Youth Sports Conditioning Goal Confusion – Part 2




Youth Sports Conditioning Principles

Soccer is no different than any other sport at the youth level – and I am not
inferring that anyone suggested otherwise – but every youth coach of every
sport, seems to think that the technical nuances of their sport are some how
more intricate or specialized than the skills of other sports… and that is not
the case.


And you can replace ‘Soccer’ with ‘Baseball’, ‘Basketball’ or any other sport
in the above paragraph.


The point of the Goal Confusion article can be summed up in one sentence –


Coaches and Trainers must learn how and when to apply certain teaching
techniques and when to let kids ‘learn’ things for themselves – and that is
especially true when we design drills in which we tell our players that the
success of a drill is based on the outcome rather than the form.

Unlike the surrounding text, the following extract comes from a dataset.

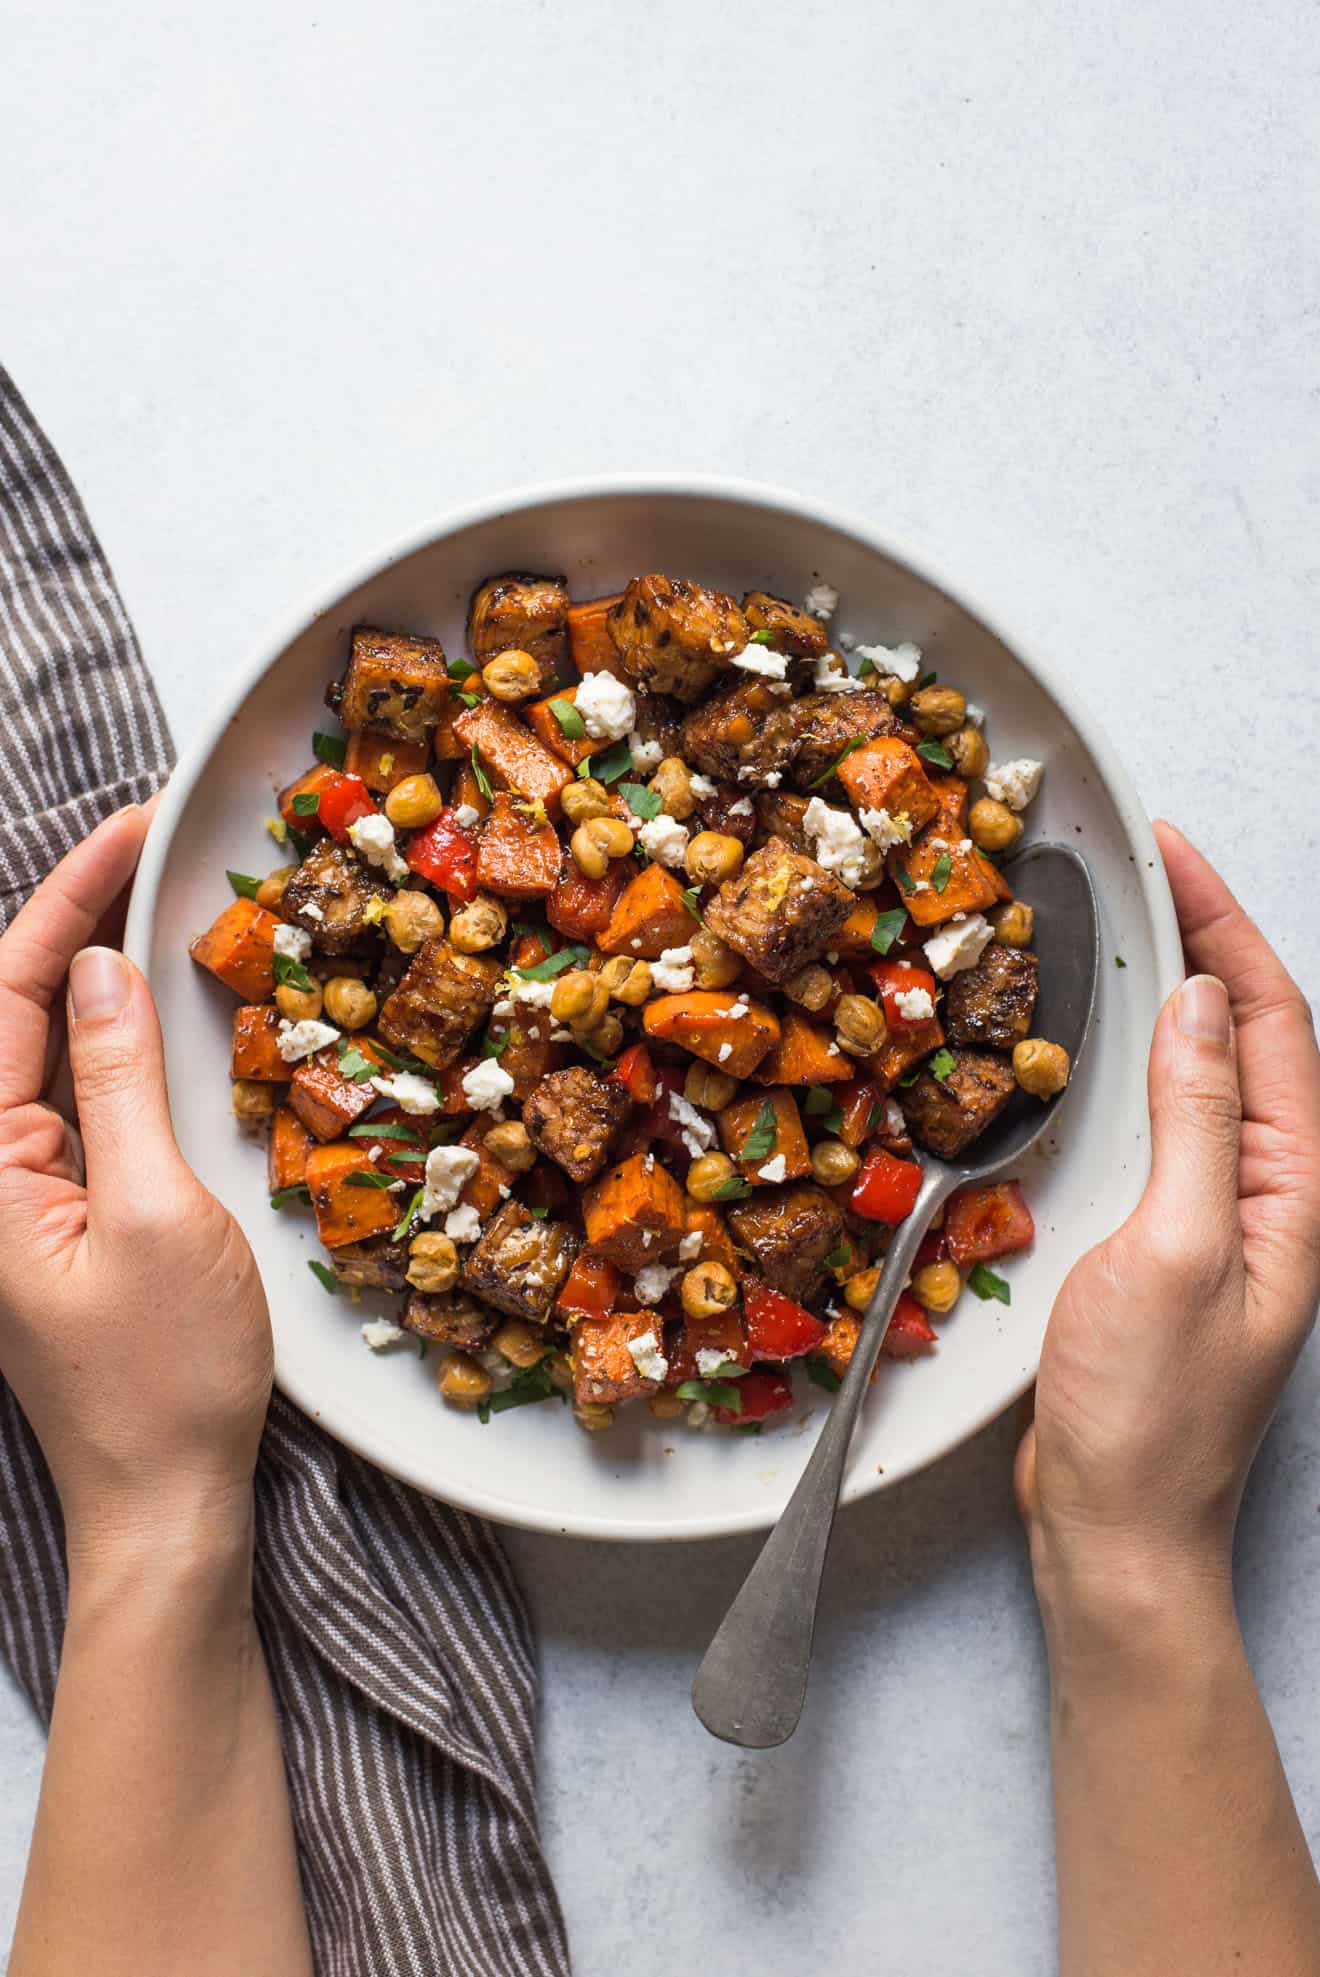 Roasted Tempeh with Tamarind Glaze, Sweet Potatoes and Roasted Chickpeas - an easy, healthy sheet pan dinner that's great for weeknights!

If you have been a subscriber for any length of time, you know exactly how
I feel about teaching skill – it is imperative and an ability that frankly, many
Coaches and Trainers lack (when in consideration of pedagogical science
and individual player temperament).


Having said that, by not letting young kids simply ‘have at it’ on their own
once in a while or at certain phases of development, we risk limiting free
nervous system adaptability at large – and this has been a prevalent problem
in North American sports for years.


We over-teach our youngsters and do not allow them free exploration
(which is at the crux of sport development) but then marvel at how much
more ‘naturally skilled’ international athletes often tend to be.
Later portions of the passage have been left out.